AIM OF THE EXERCISE | Print the listing exactly as it stands, and skip any pictures in it.

DATA PROVIDED |

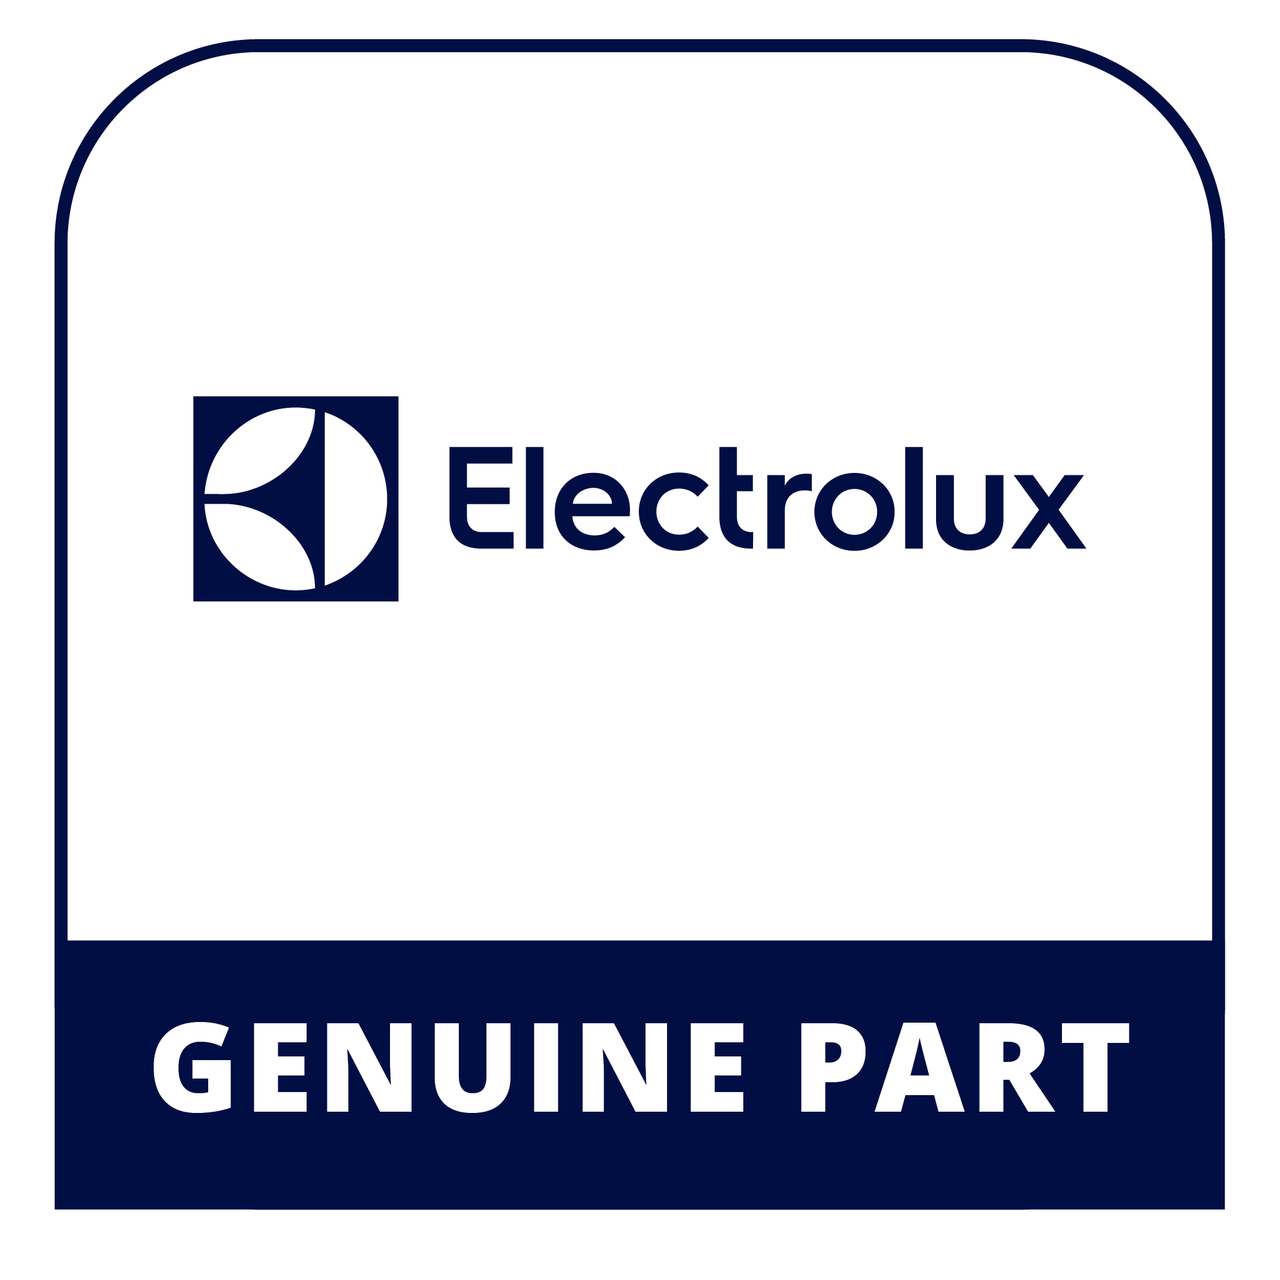 Frigidaire - Electrolux 5303925377 - End Cap Set Rh & Lh - Genuine Electrolux Part
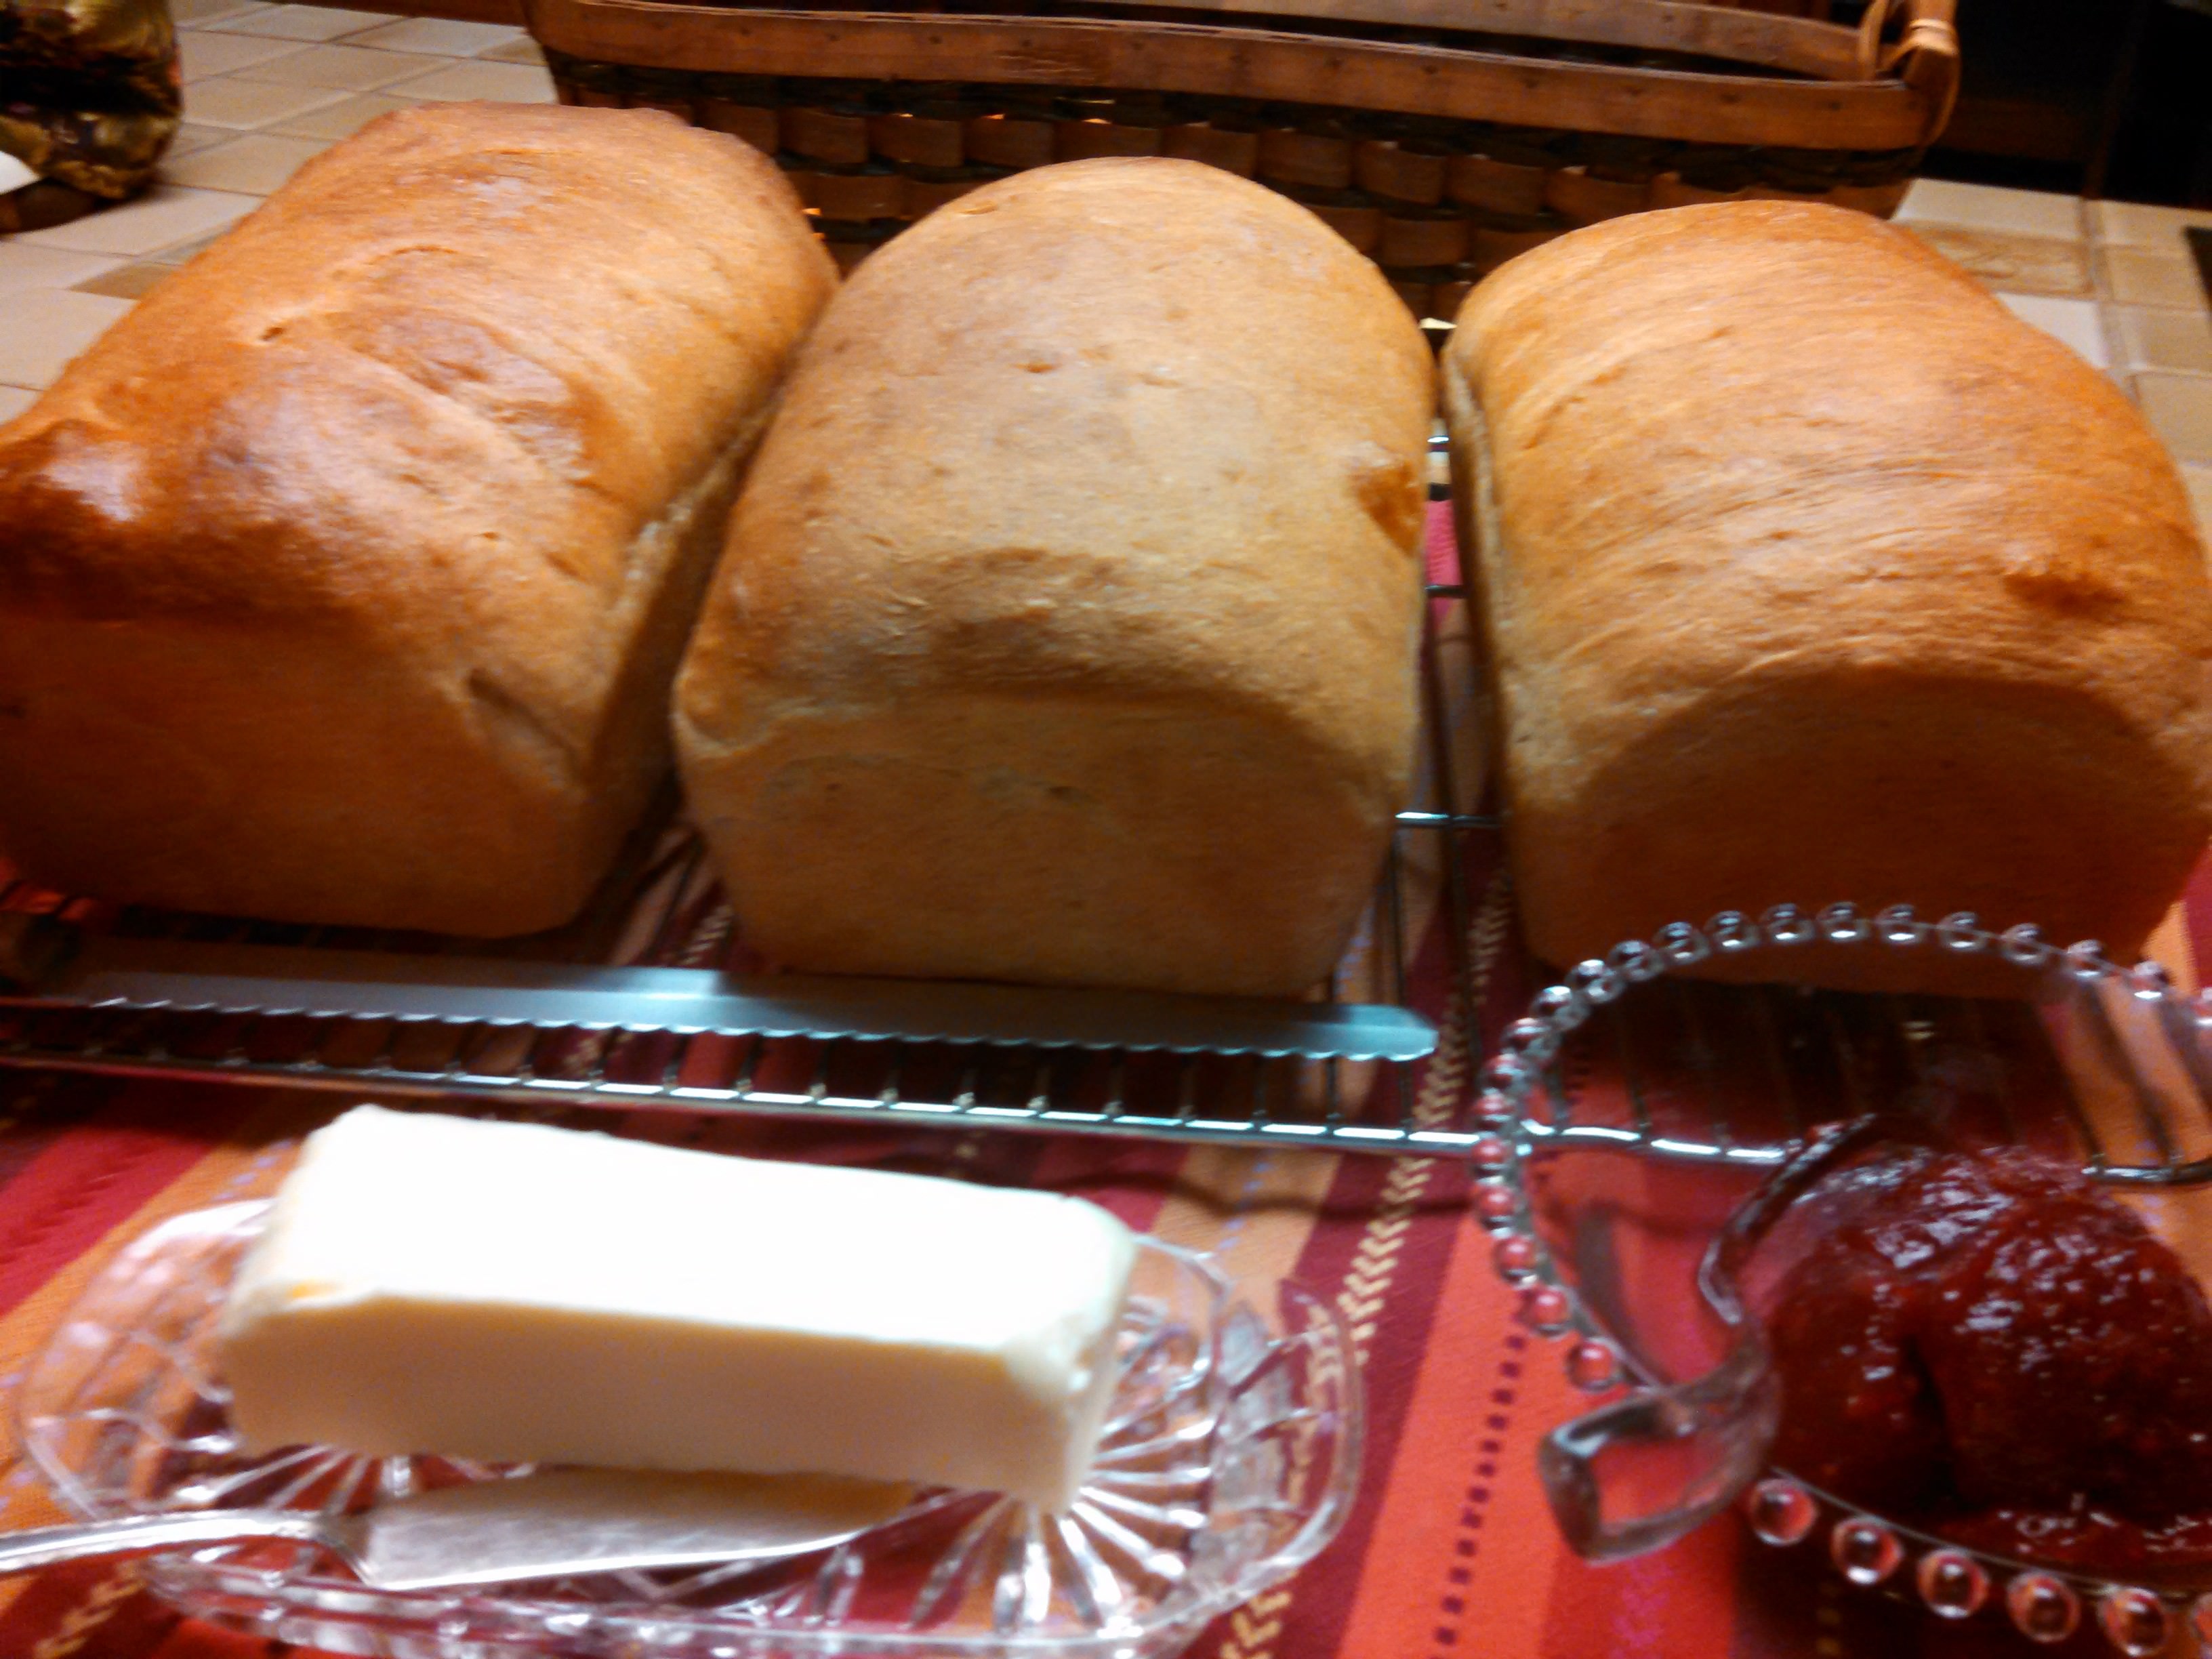 Baked Honey Whole Wheat Bread
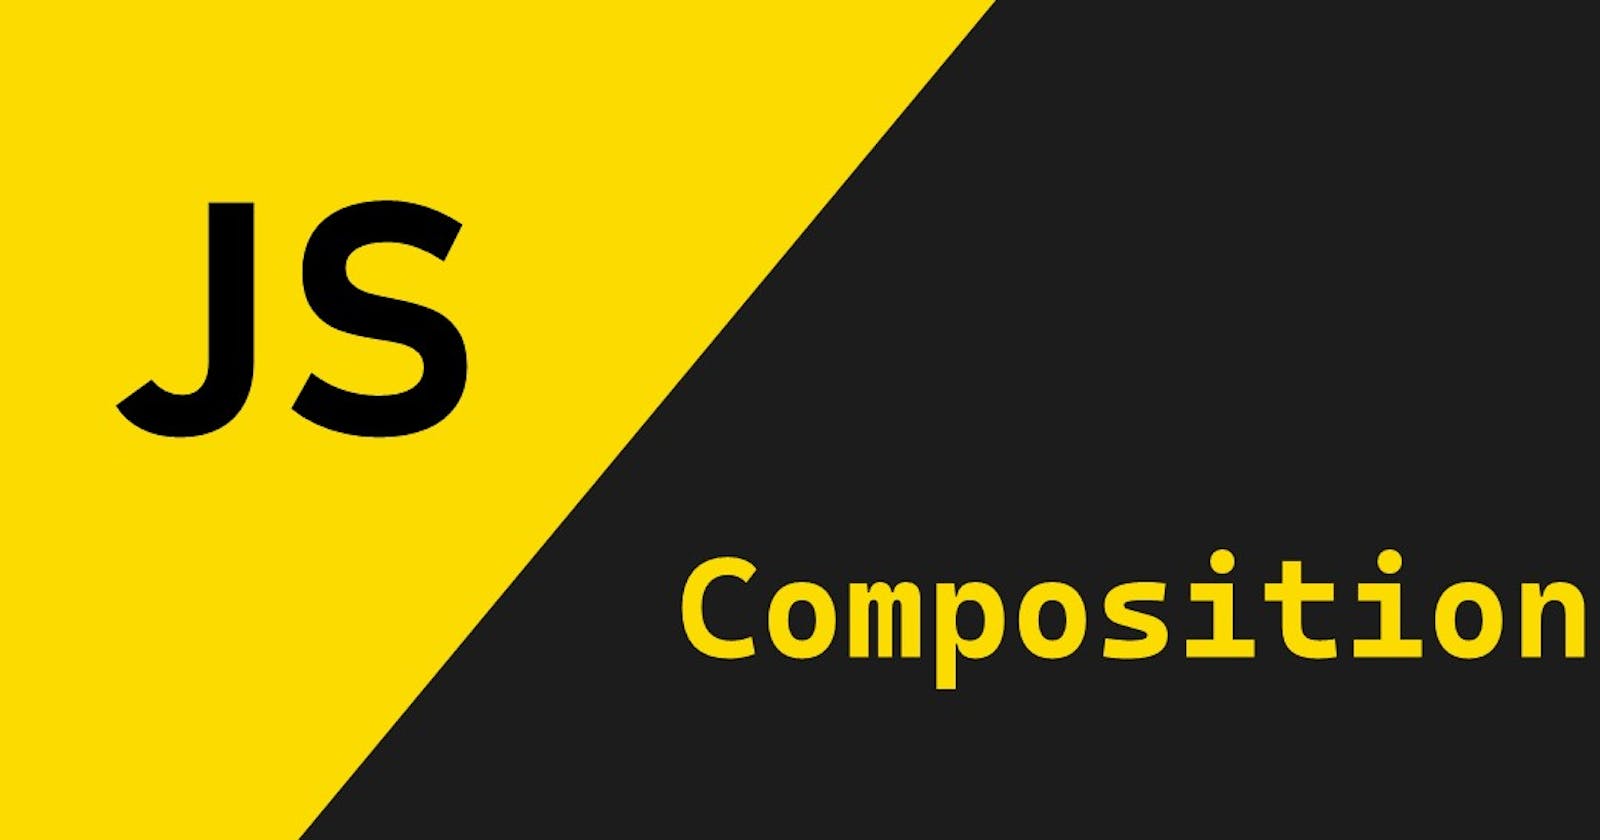 Understanding Composition in JavaScript

ANSWER SPACE |
 Frigidaire - Electrolux 5303925377 - End Cap Set Rh & Lh - Genuine Electrolux Part
 Baked Honey Whole Wheat Bread
 Understanding Composition in JavaScript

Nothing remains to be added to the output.